Frühjahr 1880 bis Frühjahr 1881 10 [1-101]
10 [D59]
Den Menschen der sympathischen und uninteressirten Handlungen als den moralischen anzusehen ist eine Mode, an der das Christenthum für Europa schuld sein mag. Sonst gilt der sich stark verantwortlich fühlende, für sein Heil und sein höchstes Interesse für moralisch, der “ich” noch mehr sagt als alle Anderen: selbst wenn er die Anderen dabei sich opfert, wie die großen Eroberer. Niemandem schaden, und ihm so viel als möglich nützen, sich aber am meisten—dies hat nicht als moralisch gegolten, weil man es für unmöglich ansah.
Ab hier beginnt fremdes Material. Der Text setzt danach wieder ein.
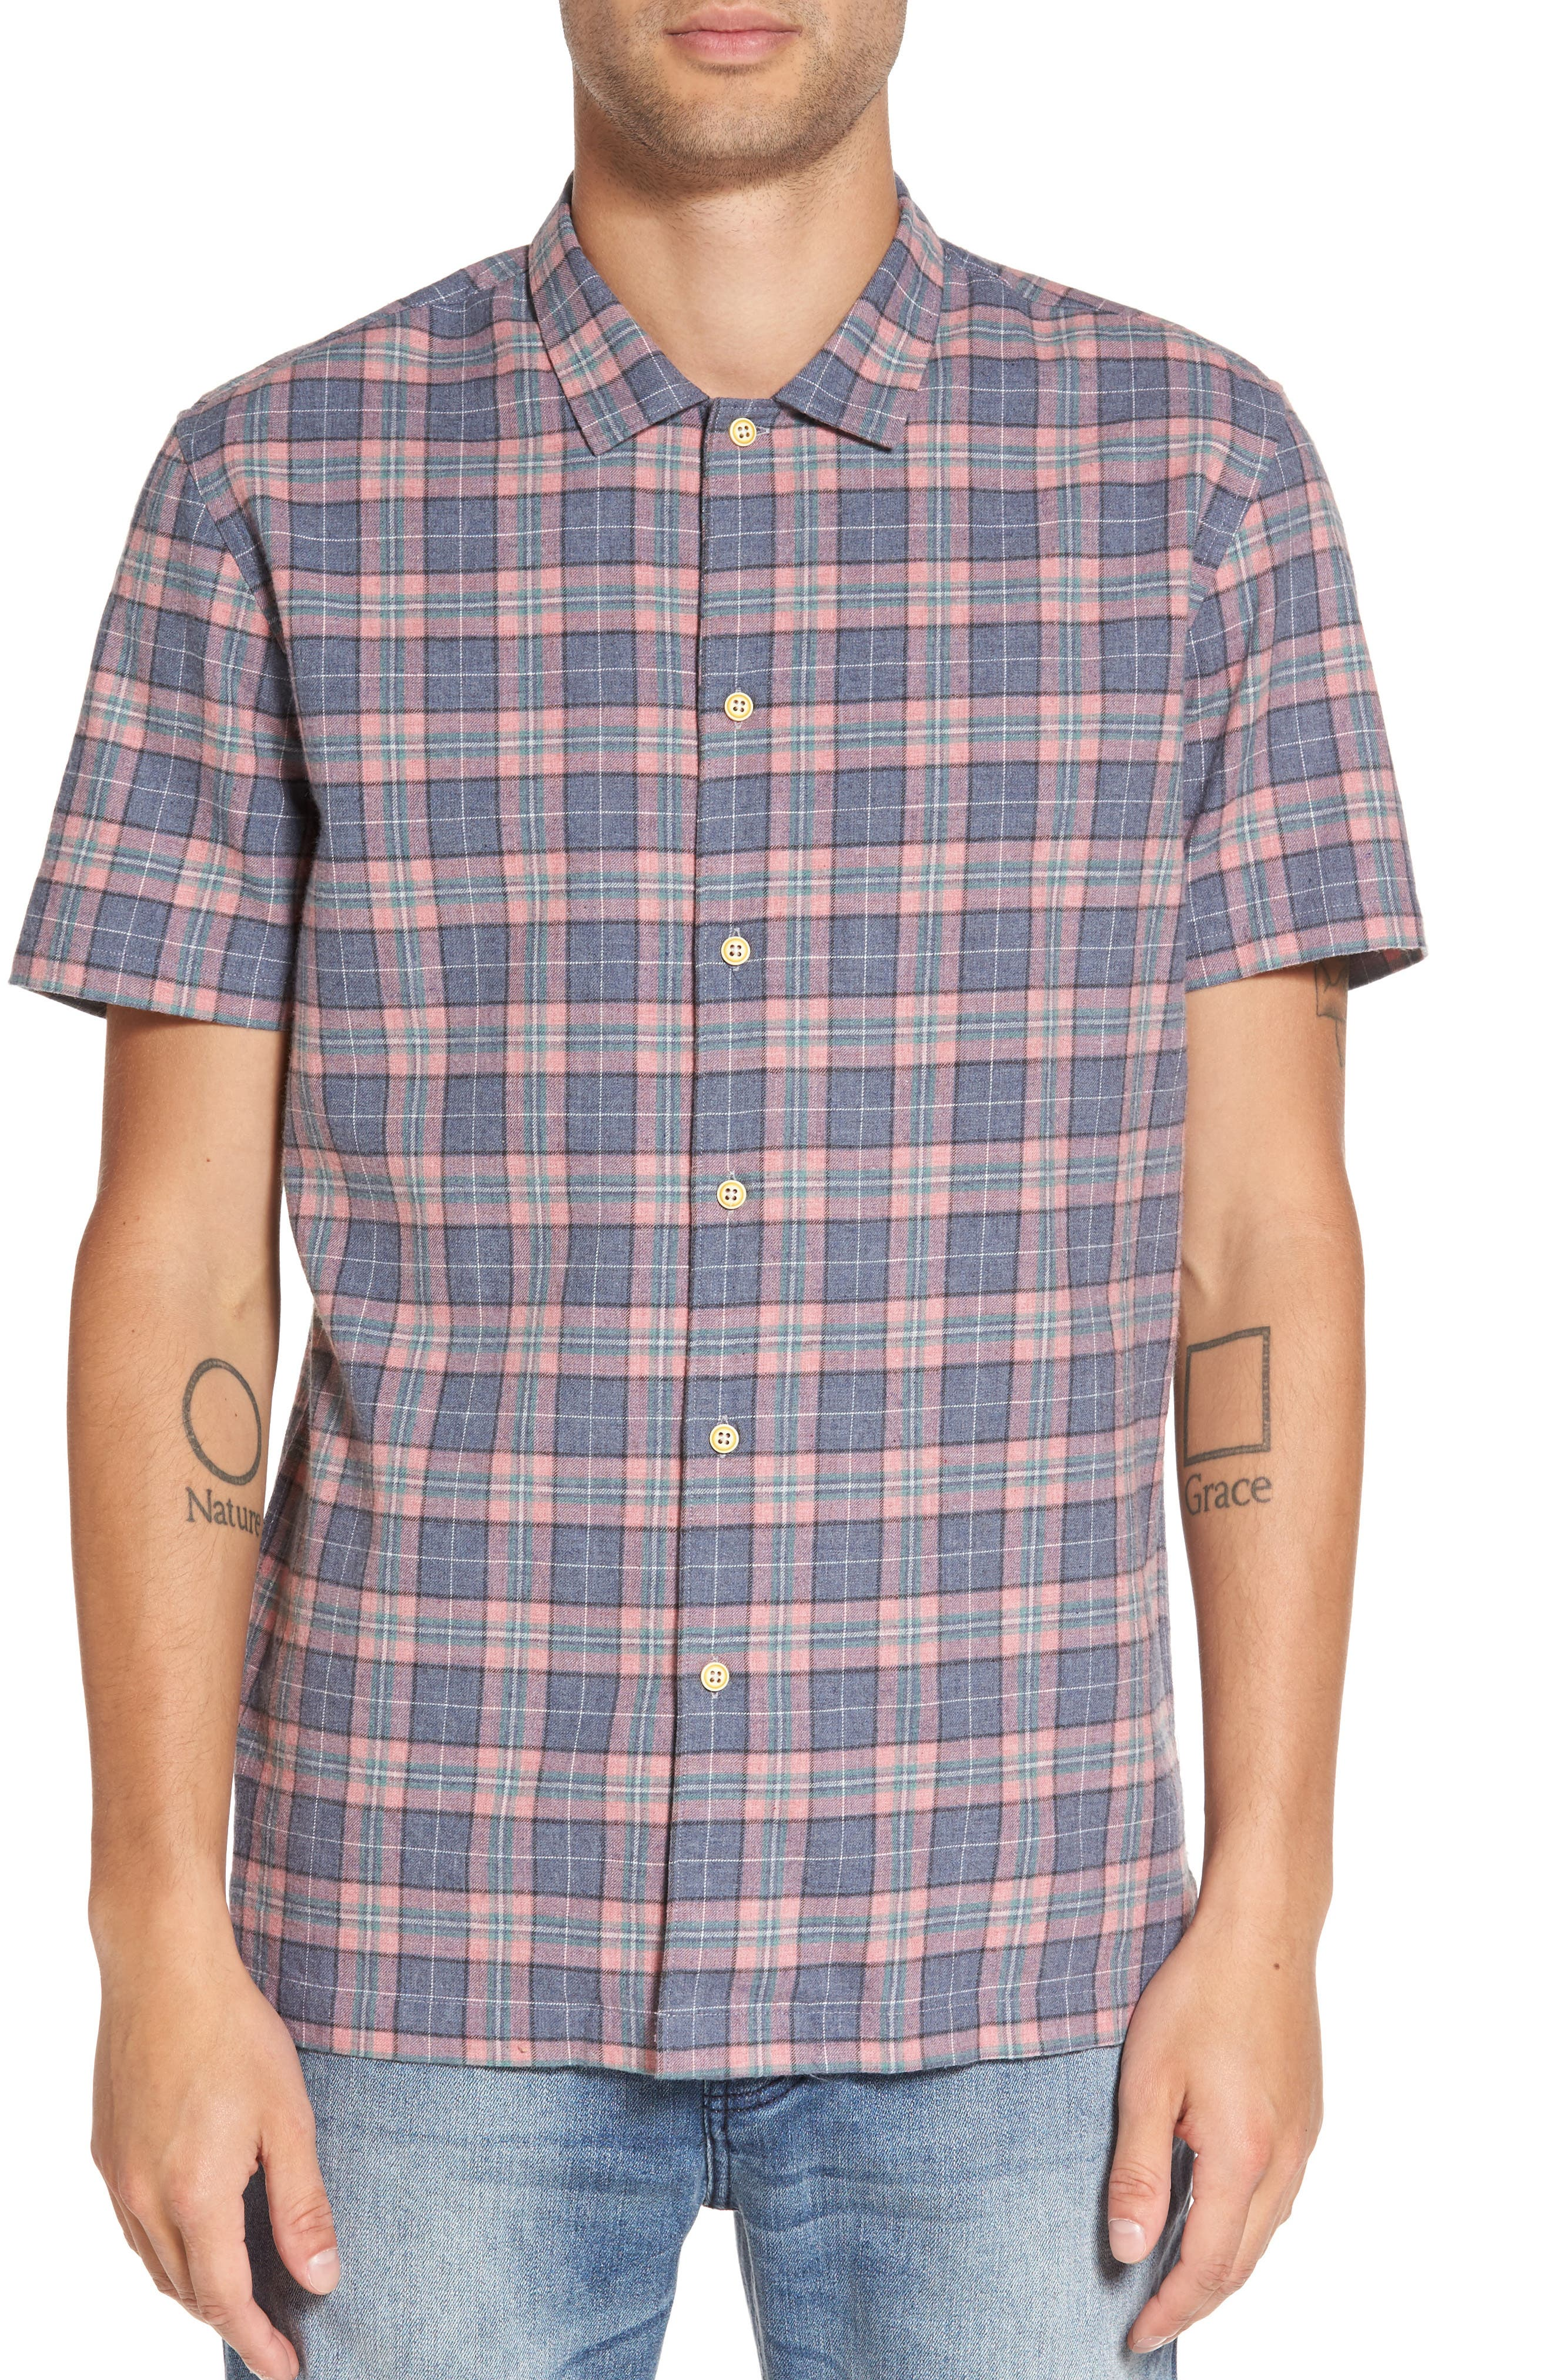 Barney Cools Florida Short Sleeve Plaid Shirt

Und mit Recht! So ist die Natur der Dinge nicht, daß man zwei entgegengesetzte Passionen zum Einklang bringen könnte. Indem wir da sind und indem wir uns durchsetzen und auf das Höchste ausbilden, müssen wir unser Interesse für höher achten als anderer und daraus die Kraft nehmen: man kann keinen Schritt weit thun, ohne irgend das Interesse eines Anderen zu verletzen. Schon weil wir es nicht genug kennen können, ist eine Richtschnur nach dem Interesse jedes Einzelnen und aller Anderen unmöglich. Ja, gegen uns selber ist es ebenso: was wir zu unserem Hauptinteresse dekretiren, das lebt auf Unkosten der anderen Interessen von uns. In uns selber ist jene Unmöglichkeit schon bewiesen. Die “Rechtlichkeit” die Schonung fremder Rechte ist nur in einem sehr groben Sinn möglich. Ihre Quelle ist eine feinere Ungerechtigkeit, es ist eine Existenzbedingung für einen sehr groben Begriff von “Existenz”! Aber das Existiren-wollen ist schon ungerecht.